The primary (and this one is the king) is Anki. It’s open-source and implements a modified version of SuperMemo-2. As an alternative of providing six recall rankings, it shows 4:

Anki getting used to memorize Russian vocab. Image by Wikipedia. Wikimedia commons.

Because it is open-source, it has a really antique look, but it surely is a cross-platform, free application (aside from the iOS version). The GitHub repo of the software has over 13k stars, which suggests massive support from the community.

They’ve been working on Anki for over ten years, and the present version has the next features:

Available in all places: Windows, macOS, Linux, Android, and iOS (this one costs money)
Fully customizable: create your individual flashcards, organize them into decks, and set your individual parameters to the spaced repetition algorithm
Sync across devices: the pc version of Anki is the foremost app and mobile and web versions are only companions but synced.
Multimedia support: Add images, audio, video, text formatting, and LaTeX to make flashcards memorable and interesting. There may be also support for image occlusions to memorize visual information.
Add-ons: much like Python extensions, you possibly can create and add your individual functionality to the software, like custom keyboard shortcuts, themes, and advanced statistics.
Pre-built decks: community continuously shares decks with pre-made cards for popular topics. This includes tons of of 1000’s of cards on language learning or virtually any subject in university exams and lots of other great/cool/weird topics.

One obvious pain point we is creating flashcards unavailable in the neighborhood.

I do know that data science is a comparatively young field in terms of spaced repetition. Anyone would have an unlimited amount of knowledge to convert into flashcards, which sounds tedious and sickening. However it is a crucial evil.

I firmly imagine that the general time it takes so that you can create flashcards for one topic and with spaced repetition can be much lower than hours of googling or dozens of of forgetting and relearning.

Besides, we’re lucky to be living within the golden age of AI (we’re, aren’t we?). There are already low cost AI-powered flashcard software like Monic.ai.

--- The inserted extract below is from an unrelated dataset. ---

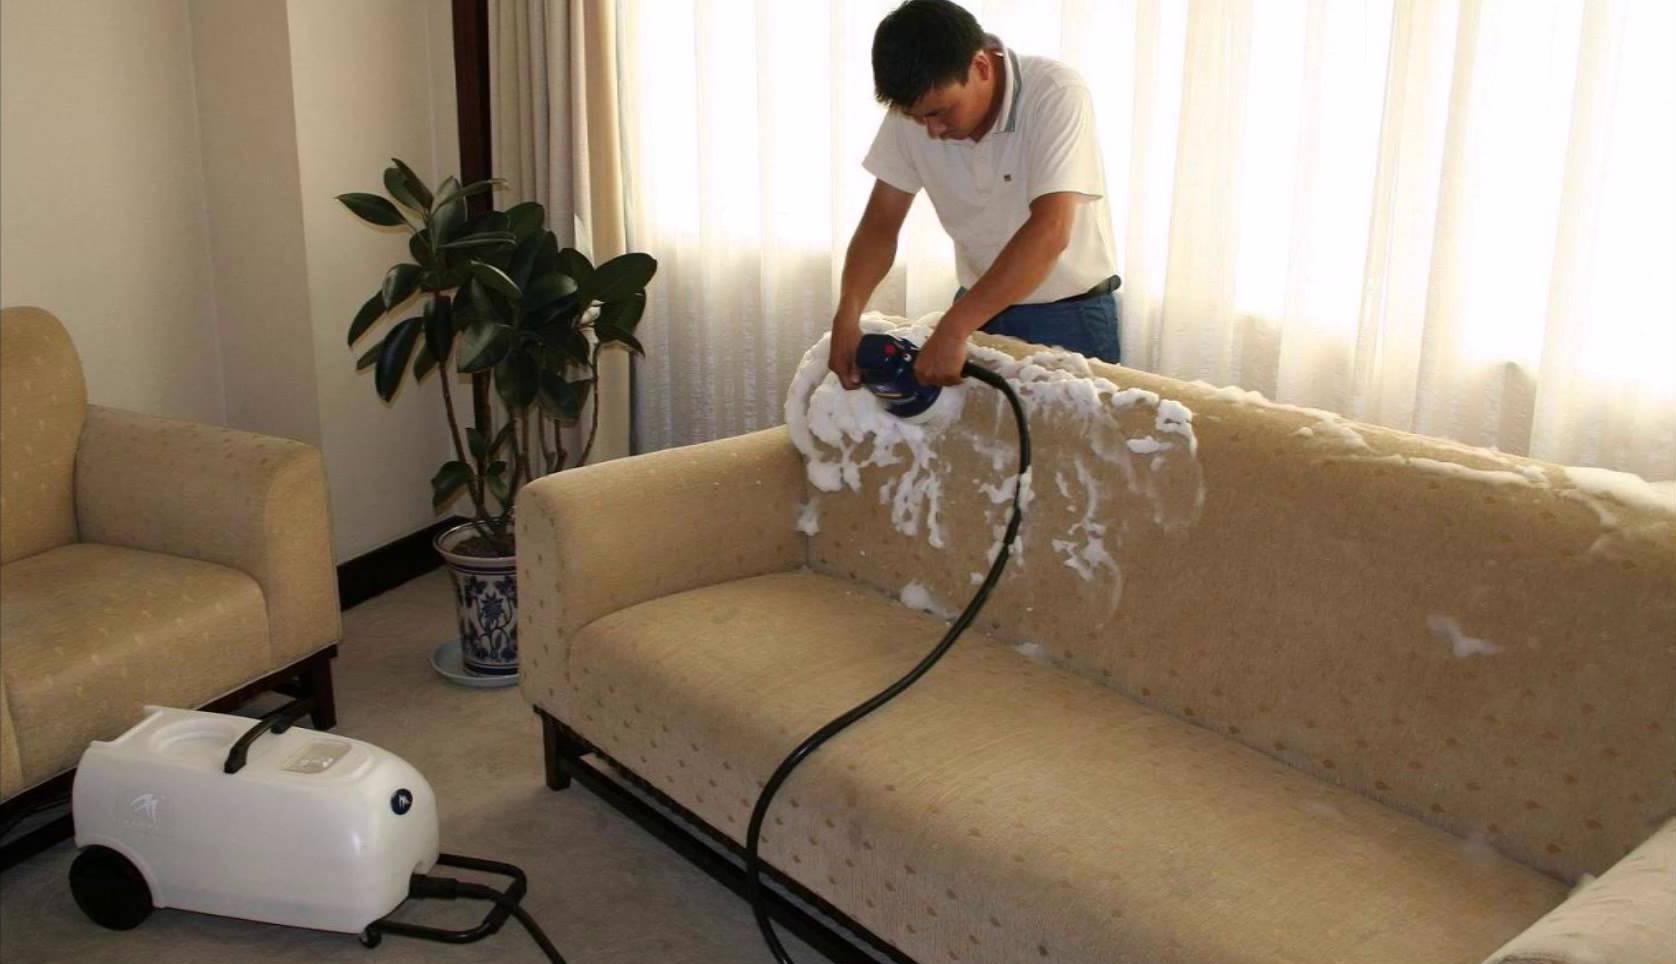 Dịch vụ giặt ghế sofa tại nhà tphcm - Vệ Sinh Việt

I already tried Monic.ai, and it looks great. You upload a screenshot or a PDF file, and it mechanically converts the text inside into flashcards in mere seconds. It’s powered by spaced repetition as well.

Should you determine to offer it a go, you need to consider downloading the GoFullPage Chrome extension to take full-page screenshots or know tips on how to save web pages as PDFs so you can turn any online article, tutorial, or documentation page of Python frameworks into flashcards with Monic.ai.

Wrap

It’s time to change our approaches to learning data science. We must always ditch our careless, haphazard ways of watching YouTube videos only for the sake of watching or taking courses back-to-back in quest of a recent worthless e-certificate.

We must always stop learning something once and hope for one of the best that it stays there. We must always stop wishful pondering.

We must always stop leaving memory as much as likelihood.

As an alternative, we must always take deliberate actions to memorize every crucial fact, piece of theory, concept, terminal command, Python function, or function argument for so long as we want them.

Yes, this may take some getting used to, but once we’re, we will significantly shorten the time it takes to go from “learning data science online” to “doing data science in a job that pays six figures”.

Thanks for reading!

Loved this text and, let’s face it, its bizarre writing style? Imagine gaining access to dozens more identical to it, all written by a superb, charming, witty creator (that’s me, by the way in which :).

For less than 4.99$ membership, you’ll get access to not only my stories, but a treasure trove of information from one of the best and brightest minds on Medium. And when you use my referral link, you’ll earn my and a virtual high-five for supporting my work.